## What you should do
Beneath this line are entries. Copy the range from the line with "Nike - Dri Fit Set - White/Black" to the line with "Canadian baby gosling", ends included, exactly; leave pictures out.

## Recorded data
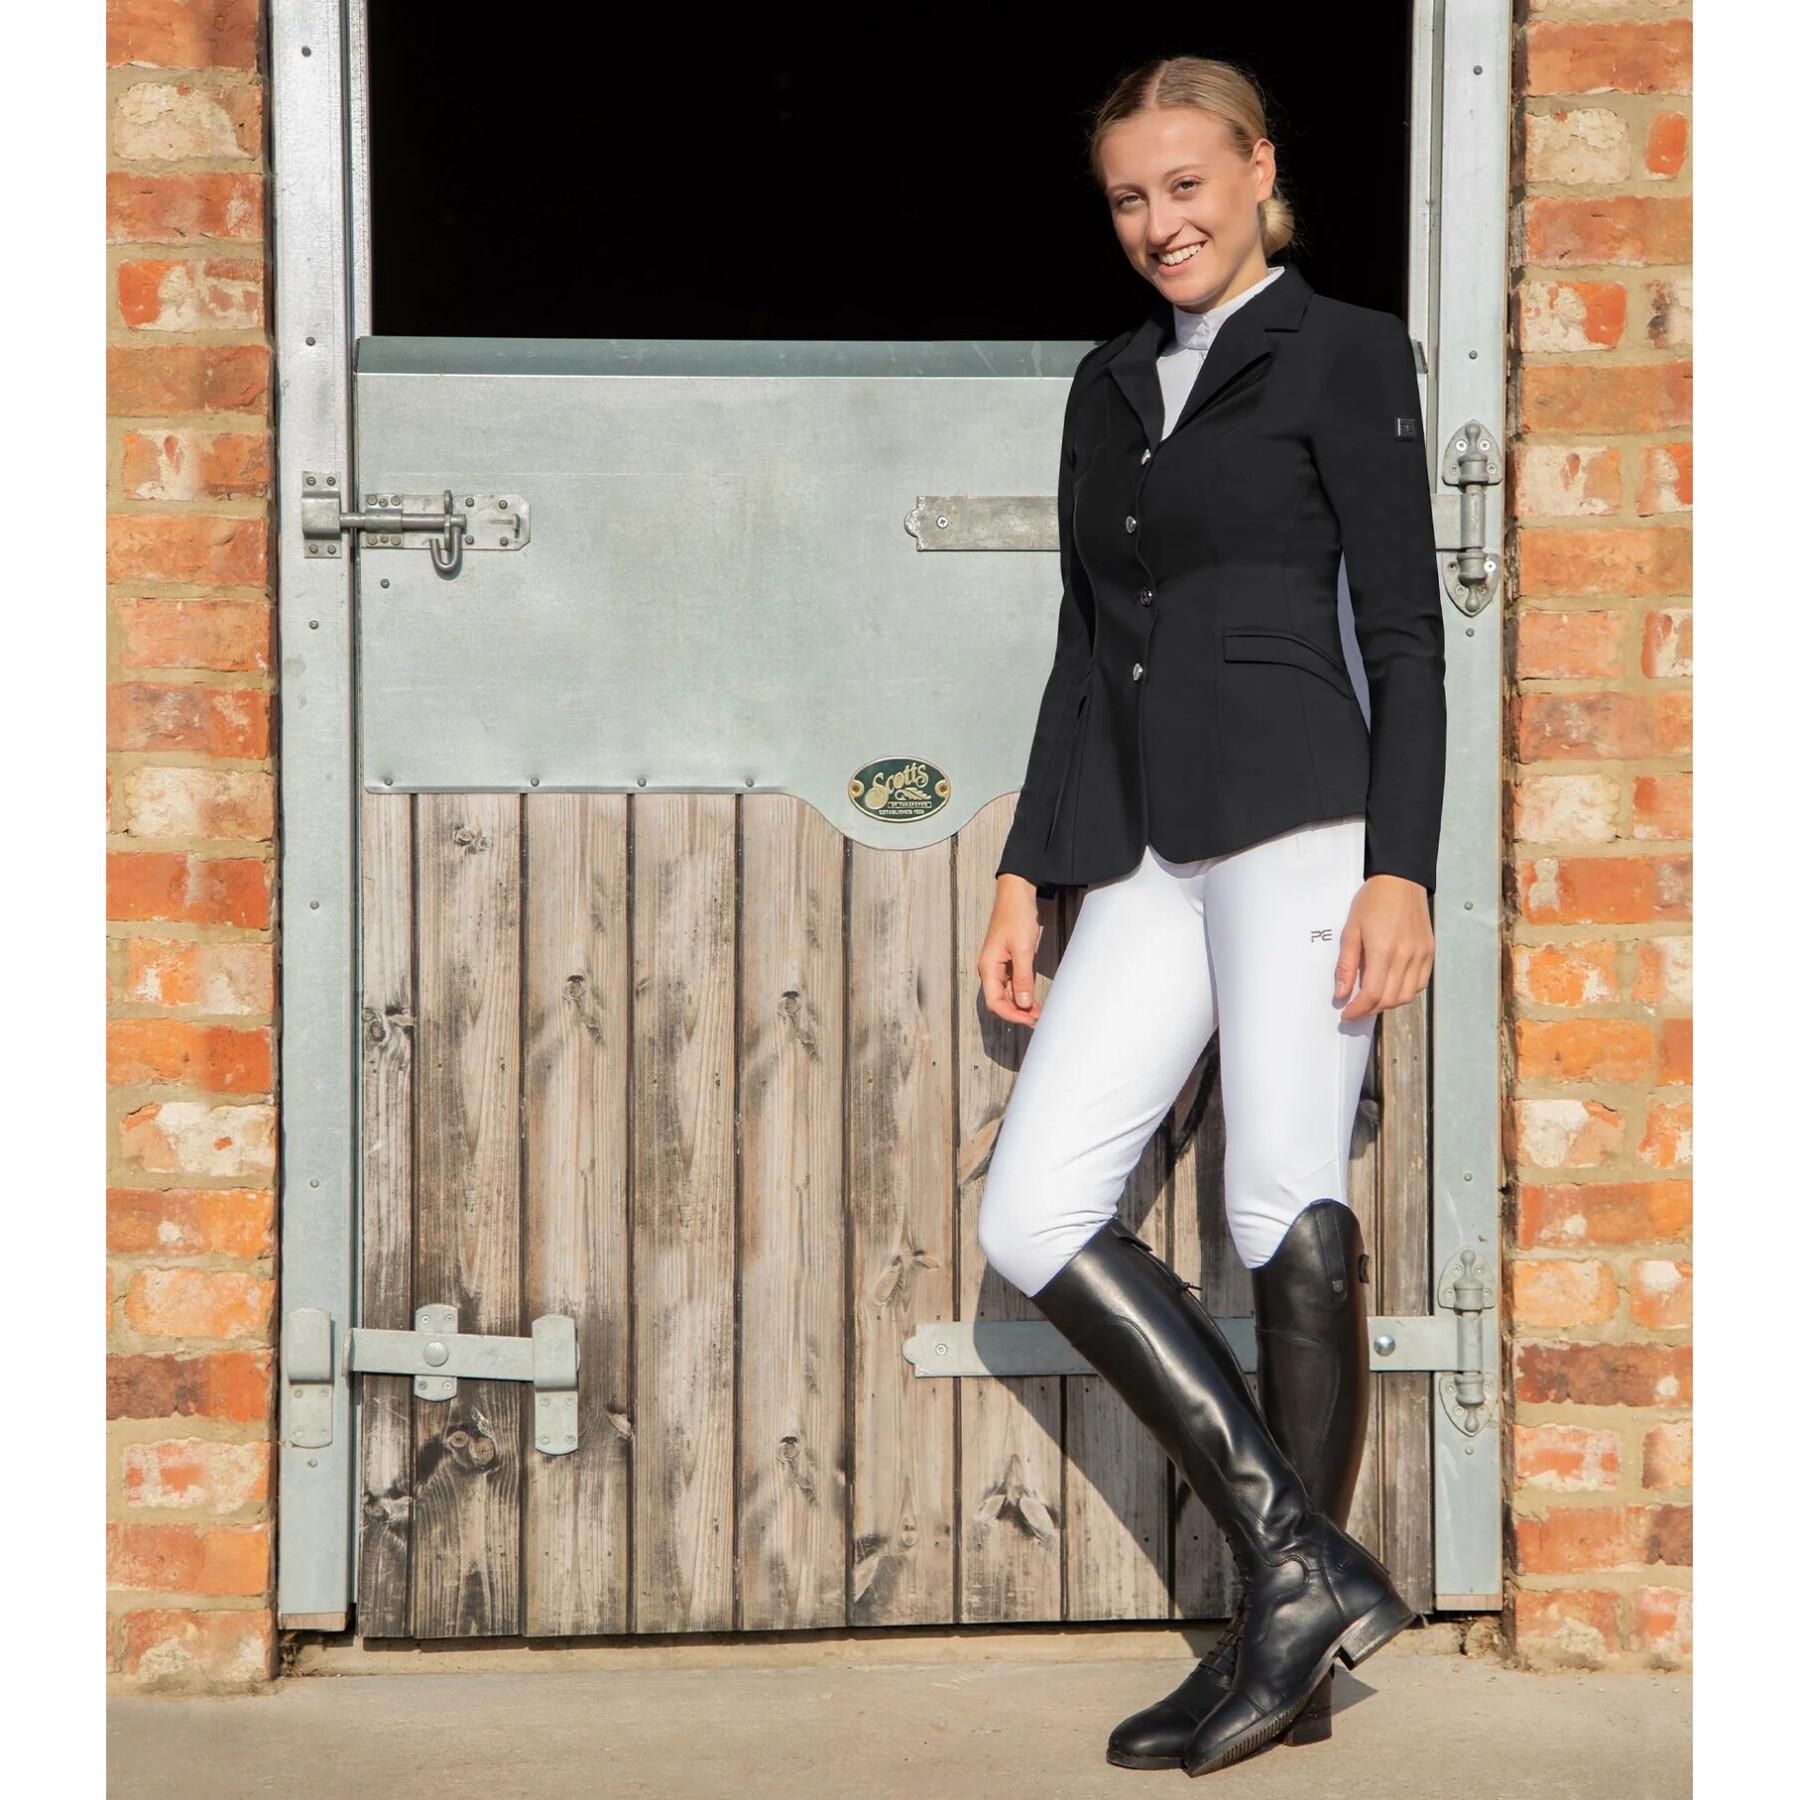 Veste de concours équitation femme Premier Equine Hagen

--

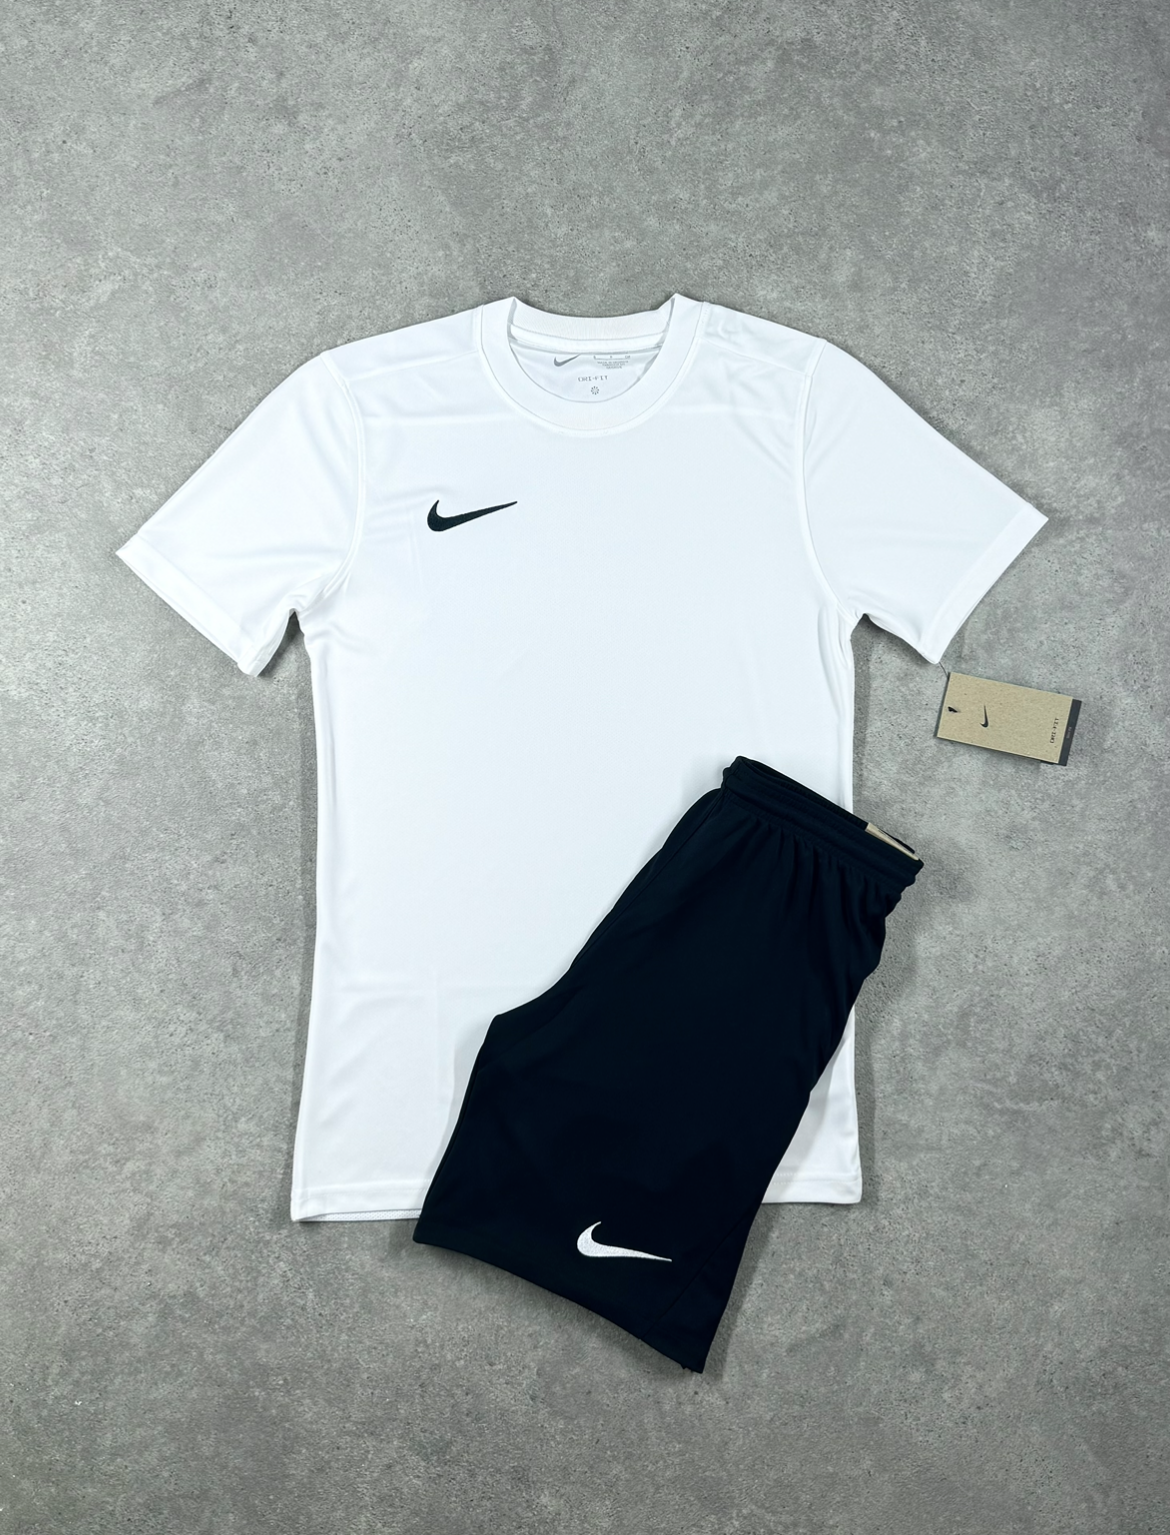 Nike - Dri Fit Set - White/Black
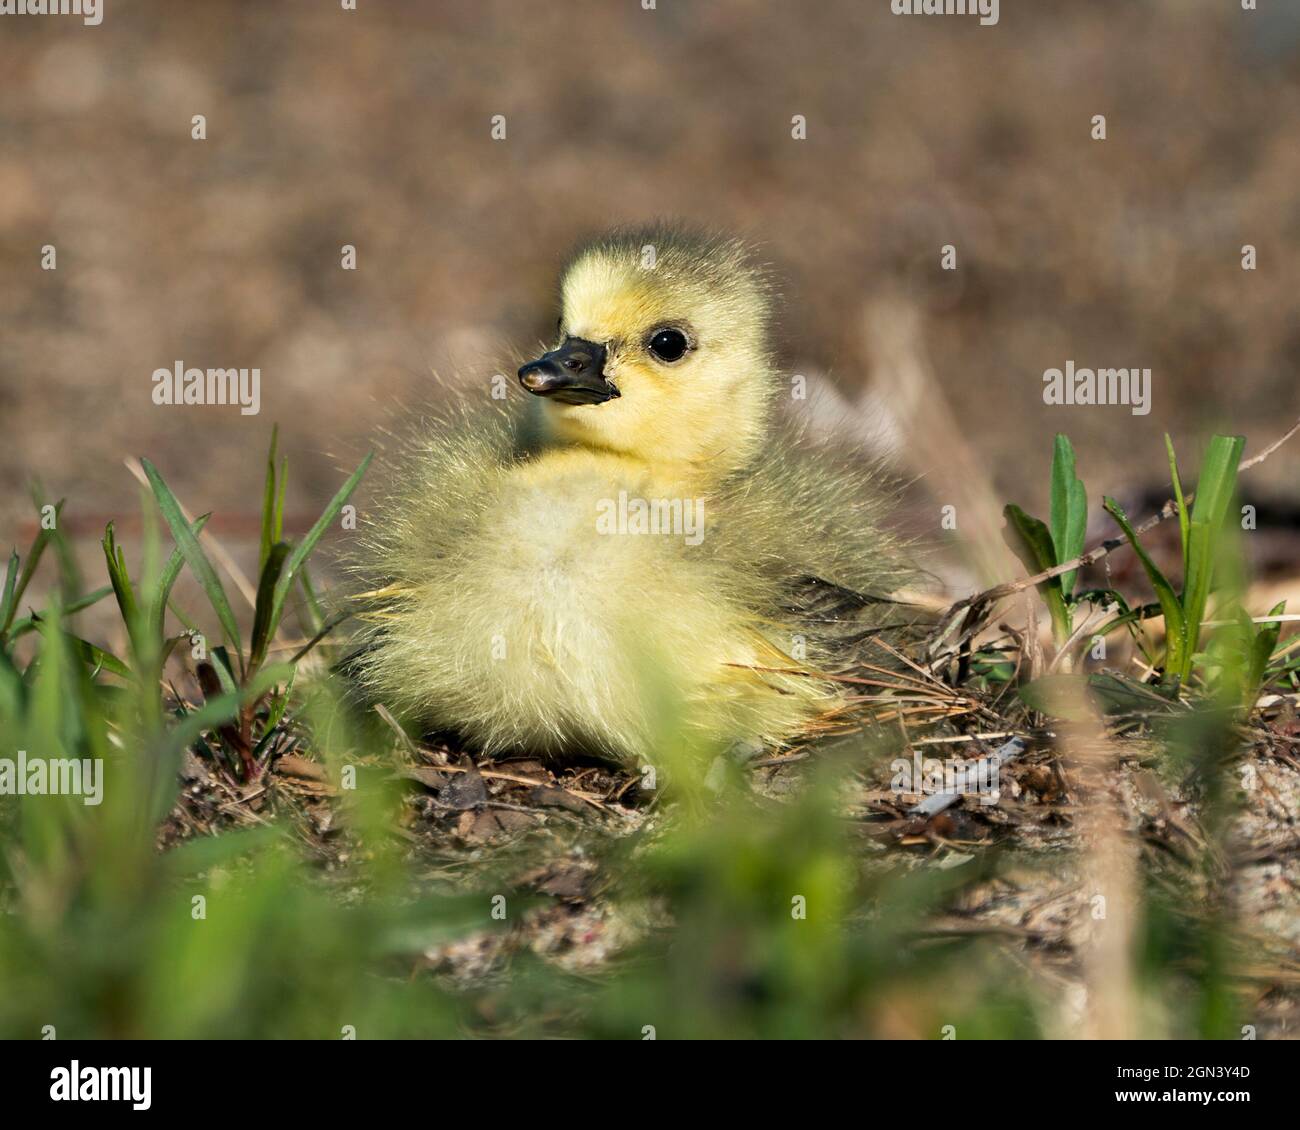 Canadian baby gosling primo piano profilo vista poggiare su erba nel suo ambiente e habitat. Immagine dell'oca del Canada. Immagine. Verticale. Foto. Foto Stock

---

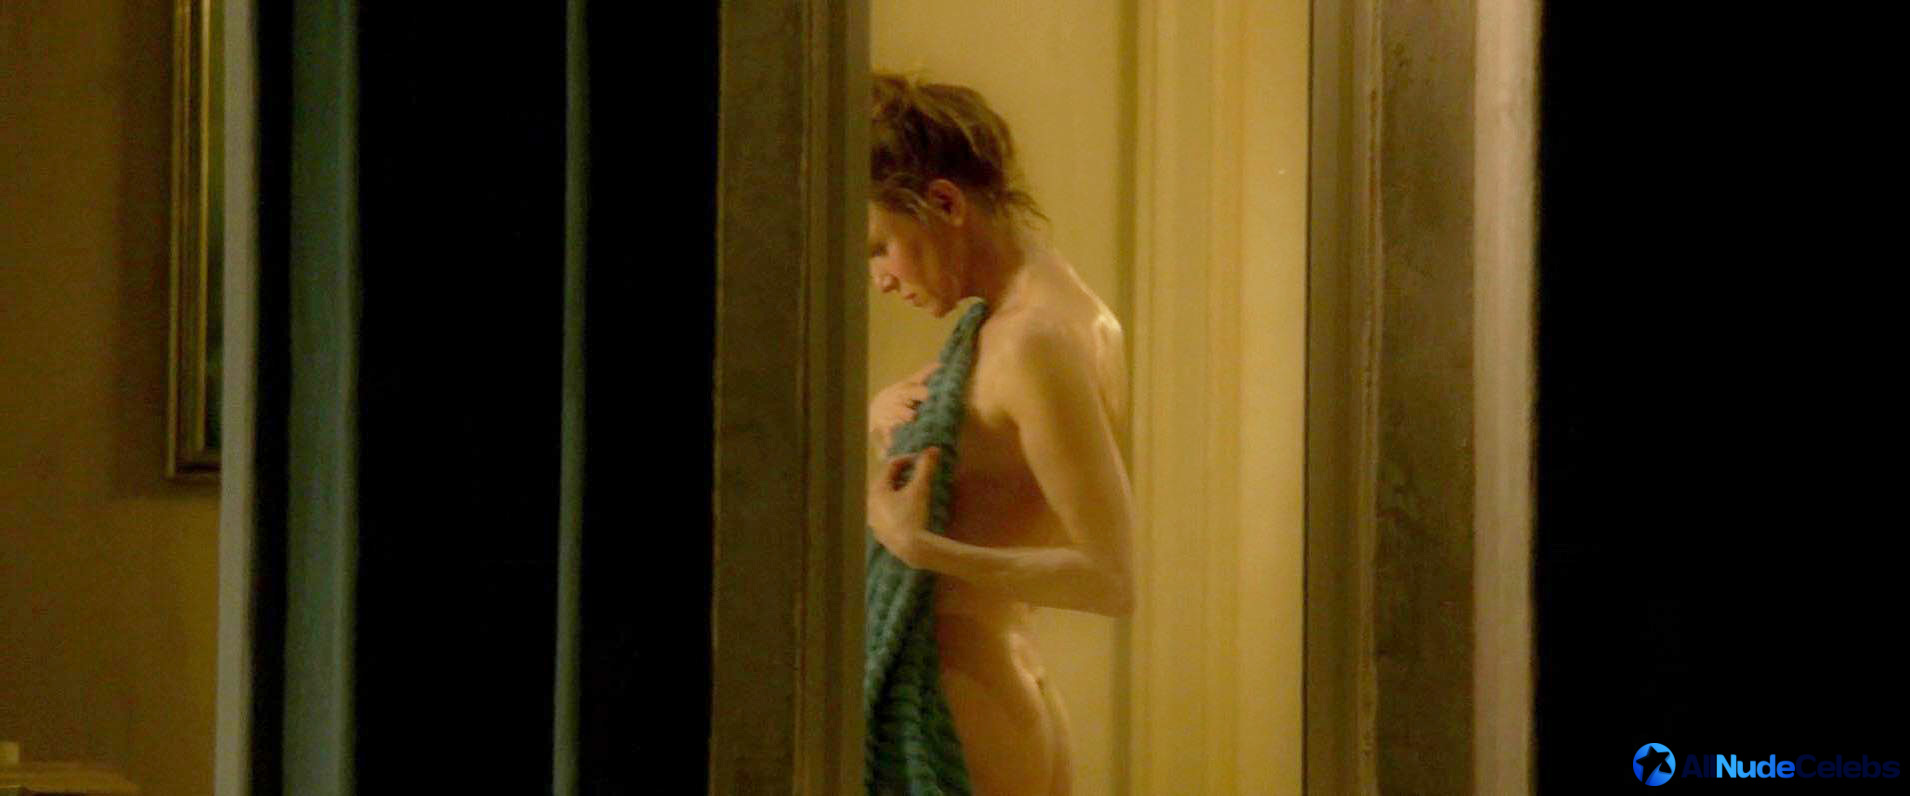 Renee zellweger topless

## The answer
 Nike - Dri Fit Set - White/Black
 Canadian baby gosling primo piano profilo vista poggiare su erba nel suo ambiente e habitat. Immagine dell'oca del Canada. Immagine. Verticale. Foto. Foto Stock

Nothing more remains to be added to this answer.